§ **PROBLEM DETAILS**:
When you reach the line containing "12 NEWEST DESIGNS" in the records below, start copying exactly, and stop once you have copied the line containing "AmTab Stage and".

§ **MATERIAL SUPPLIED**:
• • • • • • •

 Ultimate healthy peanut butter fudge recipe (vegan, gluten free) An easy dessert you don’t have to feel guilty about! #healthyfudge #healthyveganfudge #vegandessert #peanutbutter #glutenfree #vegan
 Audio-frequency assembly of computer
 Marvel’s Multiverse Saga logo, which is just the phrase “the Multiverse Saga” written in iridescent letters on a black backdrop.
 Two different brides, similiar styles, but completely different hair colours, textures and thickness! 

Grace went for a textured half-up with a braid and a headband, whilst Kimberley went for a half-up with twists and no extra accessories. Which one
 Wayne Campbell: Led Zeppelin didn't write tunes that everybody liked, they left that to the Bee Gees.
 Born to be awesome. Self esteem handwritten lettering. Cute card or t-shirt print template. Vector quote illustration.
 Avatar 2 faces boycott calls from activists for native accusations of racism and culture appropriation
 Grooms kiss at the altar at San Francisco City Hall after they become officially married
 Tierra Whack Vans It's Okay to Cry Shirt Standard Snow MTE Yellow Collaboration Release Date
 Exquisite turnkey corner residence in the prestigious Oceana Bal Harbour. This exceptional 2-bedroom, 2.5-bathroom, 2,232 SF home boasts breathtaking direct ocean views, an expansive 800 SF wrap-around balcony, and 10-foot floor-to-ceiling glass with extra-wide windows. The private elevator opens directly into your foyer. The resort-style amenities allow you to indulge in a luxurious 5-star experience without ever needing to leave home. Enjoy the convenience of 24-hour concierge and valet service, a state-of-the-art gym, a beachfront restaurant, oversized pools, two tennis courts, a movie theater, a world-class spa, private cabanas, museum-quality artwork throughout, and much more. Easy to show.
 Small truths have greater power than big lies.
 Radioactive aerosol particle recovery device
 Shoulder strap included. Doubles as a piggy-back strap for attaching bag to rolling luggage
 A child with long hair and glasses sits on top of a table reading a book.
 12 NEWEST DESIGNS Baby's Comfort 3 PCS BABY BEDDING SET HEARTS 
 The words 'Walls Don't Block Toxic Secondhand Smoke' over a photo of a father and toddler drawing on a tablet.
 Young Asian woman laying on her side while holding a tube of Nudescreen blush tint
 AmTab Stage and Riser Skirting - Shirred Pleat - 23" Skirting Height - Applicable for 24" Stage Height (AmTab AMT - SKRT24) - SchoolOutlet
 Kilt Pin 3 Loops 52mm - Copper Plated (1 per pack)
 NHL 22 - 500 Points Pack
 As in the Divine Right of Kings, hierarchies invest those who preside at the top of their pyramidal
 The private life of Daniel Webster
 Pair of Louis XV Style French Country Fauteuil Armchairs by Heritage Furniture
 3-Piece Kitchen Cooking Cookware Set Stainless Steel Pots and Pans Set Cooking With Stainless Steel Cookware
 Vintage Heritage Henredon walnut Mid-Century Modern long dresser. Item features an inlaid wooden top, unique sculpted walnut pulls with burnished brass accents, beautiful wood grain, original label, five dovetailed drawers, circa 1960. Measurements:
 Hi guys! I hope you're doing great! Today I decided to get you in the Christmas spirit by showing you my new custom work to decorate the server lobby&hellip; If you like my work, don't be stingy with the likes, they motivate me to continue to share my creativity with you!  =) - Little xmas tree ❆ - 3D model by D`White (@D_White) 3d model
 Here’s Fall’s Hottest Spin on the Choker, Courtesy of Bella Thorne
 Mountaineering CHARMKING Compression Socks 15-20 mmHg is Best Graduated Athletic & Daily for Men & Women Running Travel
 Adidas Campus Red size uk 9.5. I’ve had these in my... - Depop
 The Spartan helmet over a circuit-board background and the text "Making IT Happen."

• • • • • • •

§ **THE ANSWER**:
 12 NEWEST DESIGNS Baby's Comfort 3 PCS BABY BEDDING SET HEARTS 
 The words 'Walls Don't Block Toxic Secondhand Smoke' over a photo of a father and toddler drawing on a tablet.
 Young Asian woman laying on her side while holding a tube of Nudescreen blush tint
 AmTab Stage and Riser Skirting - Shirred Pleat - 23" Skirting Height - Applicable for 24" Stage Height (AmTab AMT - SKRT24) - SchoolOutlet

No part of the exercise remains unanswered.